The purpose of this exploratory study was to compare the relative myocardial mass distribution assessed by that specific CT algorithm to the respective distribution of blood flow measured invasively in the three major coronary arteries. If such relation can be demonstrated, both the functional significance of the stenosis (FFRCT) and its depending myocardial mass (CTmass) can be assessed non-invasively by one single CT examination.
Methods
Design and study population
This study was performed in 35 patients with normal coronary arteries or minimal atherosclerosis between July 2017 and December 2018. These patients were characterised by angiographically normal coronary arteries (ie, no signs of atherosclerosis on angiogram or less than a 30% lumen reduction in one segment only; non-ischaemic FFR values (ie, >0.80); no lumen reductions of more than 30% in more than one segment on the CT scan).
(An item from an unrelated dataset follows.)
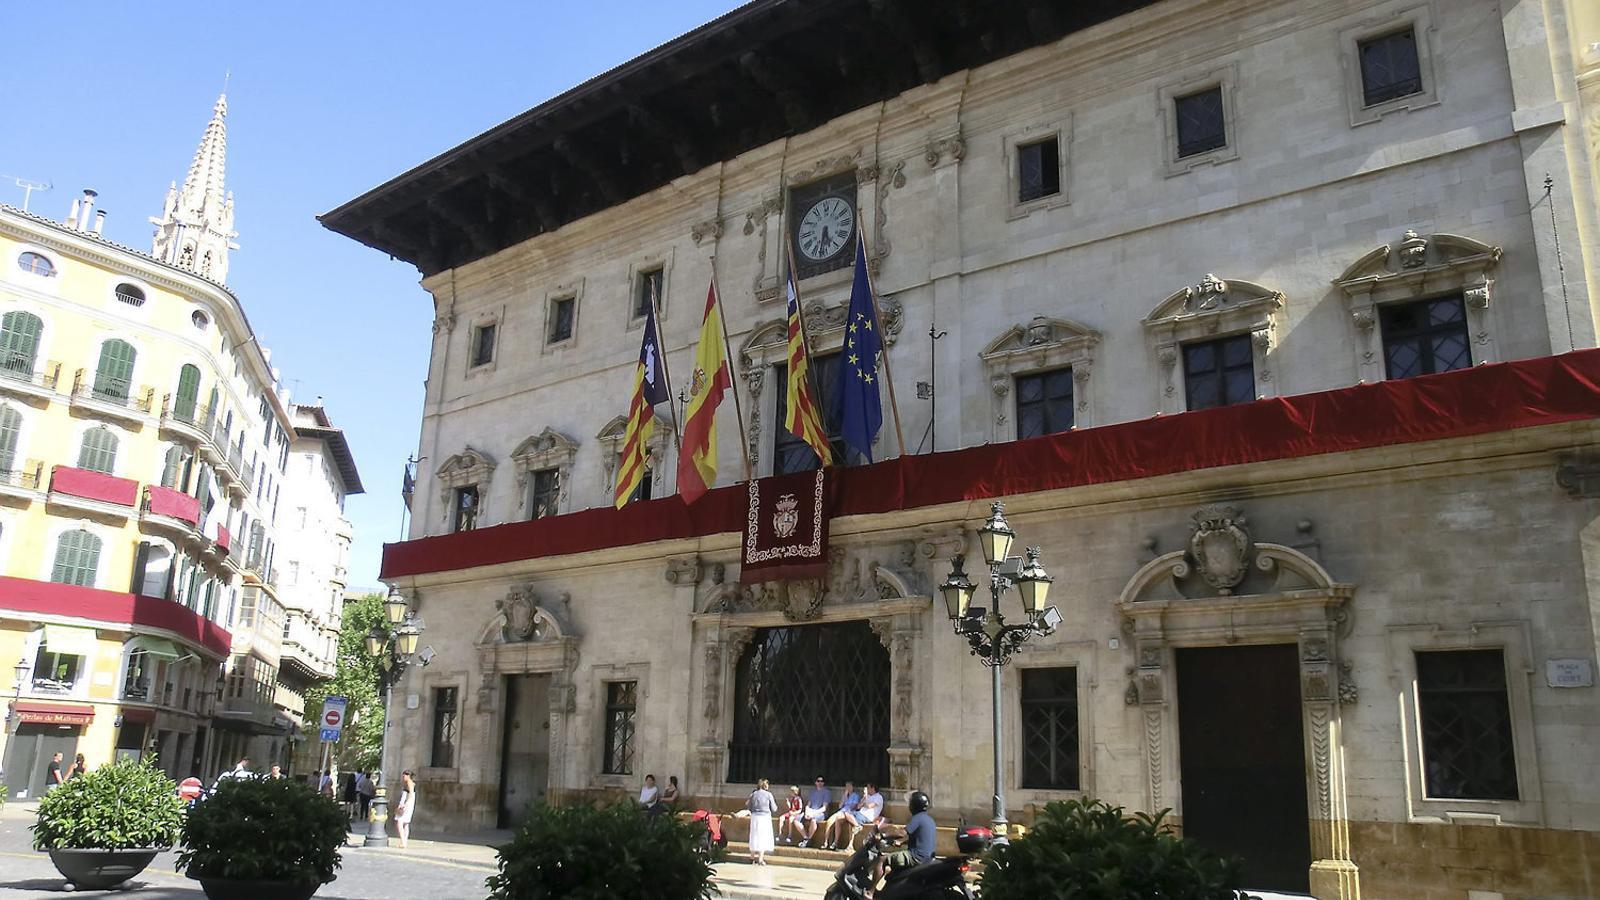 En termes absoluts, els dotze municipis amb més deute està liderat per Palma, amb 317,7 milionsd'euros, seguit de Llucmajor (22,3), Eivissa (21,7), Calvià (21,6)...

An invasive angiogram in these patients was performed because of persistent non-specific thoracic complaints. Patients with coronary anomalies, valvular disease, known left ventricular hypertrophy or pulmonary hypertension were excluded. Other exclusion criteria included contraindications for CT scanning and age above 75. The coronary CT angiogram (CTA) and invasive angiography were performed less than 3 months apart without interventions in between.
Patient and public involvement statement
Patients were screened and signed informed consent before all examinations. This research was done without patient involvement.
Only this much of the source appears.